Project Title: Fractalkine signaling in liver sinusoidal endothelial cells

In response to tissue infection or injury, circulating leukocytes migrate across the endothelial layers to reach the tissue to eliminate pathogens, promote wound healing, or regulate local inflammatory responses. Transendothelial migration occurs in two paths, either at the junction between endothelial cells (paracellular) or through endothelial cells (transcellular). Comparing to paracellular migration, which involves the opening of tight-junctions, transcellular migration was considered to better maintain the integrity of endothelial layer although it remains unclear how endothelial cells remodel their membrane and cytoskeleton to create tunnels to accommodate the penetration of leukocytes. Liver sinusoidal endothelial cells (LSECs) present a preferred model for investigating transcellular migration because it was observed at high frequency in LSECs. Importantly, LSECs play a critical role in regulating the number and activation of infiltrating leukocytes although the underlying mechanism is poorly understood. In this proposal, we aim to delineate the signaling pathway that promotes transcellular migration in LSECs. Biochemical reconstitution, high-resolution microscopy, together will cell engineering approaches will be implemented. This work is expected to identify a novel receptor, FKN, that promotes transcellular migration through LSECs. It will provide molecular insights into understanding the causes of inflammation-related liver injury.

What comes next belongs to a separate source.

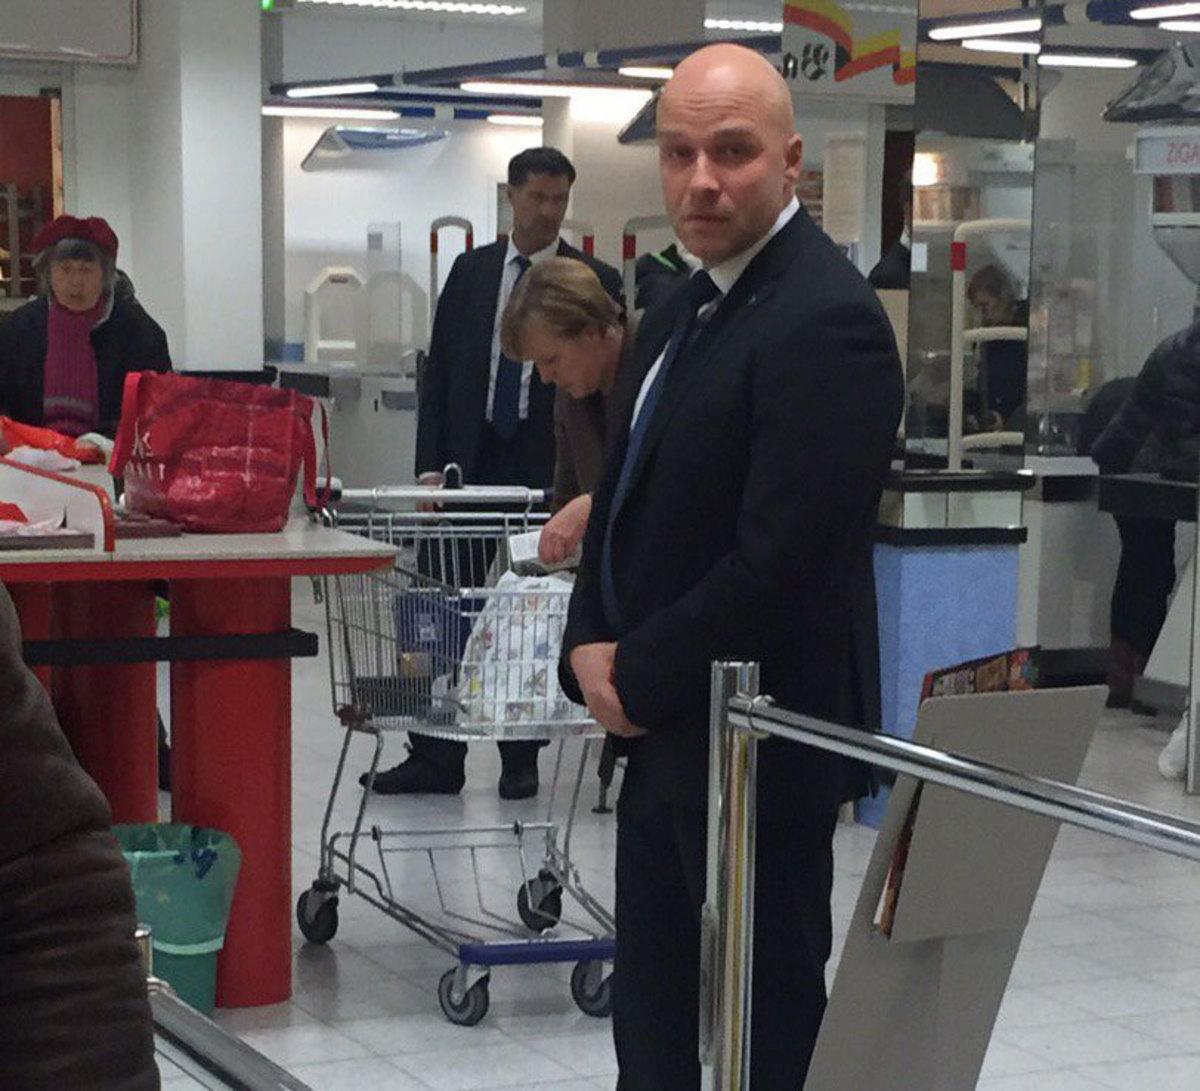 """Πήγε στο σούπερ μάρκετ και """"έπεσε"""" πάνω στη Μέρκελ! (ΦΩΤΟ)"""

Project Title: Understanding the Type I Interferon Response to Amanitin Poisoning

Acute poisonings are a significant cause of mortality and morbidity worldwide, yet modern treatment options are lacking and often limited to supportive care. A prototypical, increasingly common cause of poisoning is amanitin poisoning, which is caused by accidental ingestion of mushrooms of the amanitin genus. Amanitin poison causes fulminant liver and kidney injury, and current therapies are all limited to supportive care and organ transplantation. Whether our immune system, which protects us from pathogenic infection and wounding, also protects us from poisoning is an unknown fundamental question in biology. Additionally, the logic underlying how cells sense poisons, if tailored immune responses to different classes of poisons exist, and how these classes would be organized, remains undefined. To explore this, we selected 24 natural poisons mice in natural environments may accidentally ingest while foraging for food that are simultaneously relevant to human health and disease. These poisons included fungal-derived poisons like amanitin, plant-derived poisons like triptolide and colchicine, and soil bacteria-derived poisons like oligomycin. Mice were poisoned with a single dose based on exposures quantities described in humans, and RNA sequencing was performed on the liver, the major detoxifying organ, of poisoned mice four hours post-poisoning in order to capture the early transcriptional response. Principle components analyses revealed class-specific anti-poison immunologic transcriptional responses, which surprisingly were organized based on the cellular process known to be disrupted by the poison. We discovered a specific immune response against aminitin, a frequent cause of human poisoning leading to intensive care hospitalization, and other chemically distinct transcriptional inhibitors for which there are no therapies beyond supportive care and liver transplantation. Therapeutic manipulation of this immune response greatly reduced liver damage and mortality in animal models. This project seeks to dissect the mechanisms of immune activation by transcriptional poisons like aminitin and how it contributes to host protective host defense that can become pathophysiologic and drive fatal liver disease.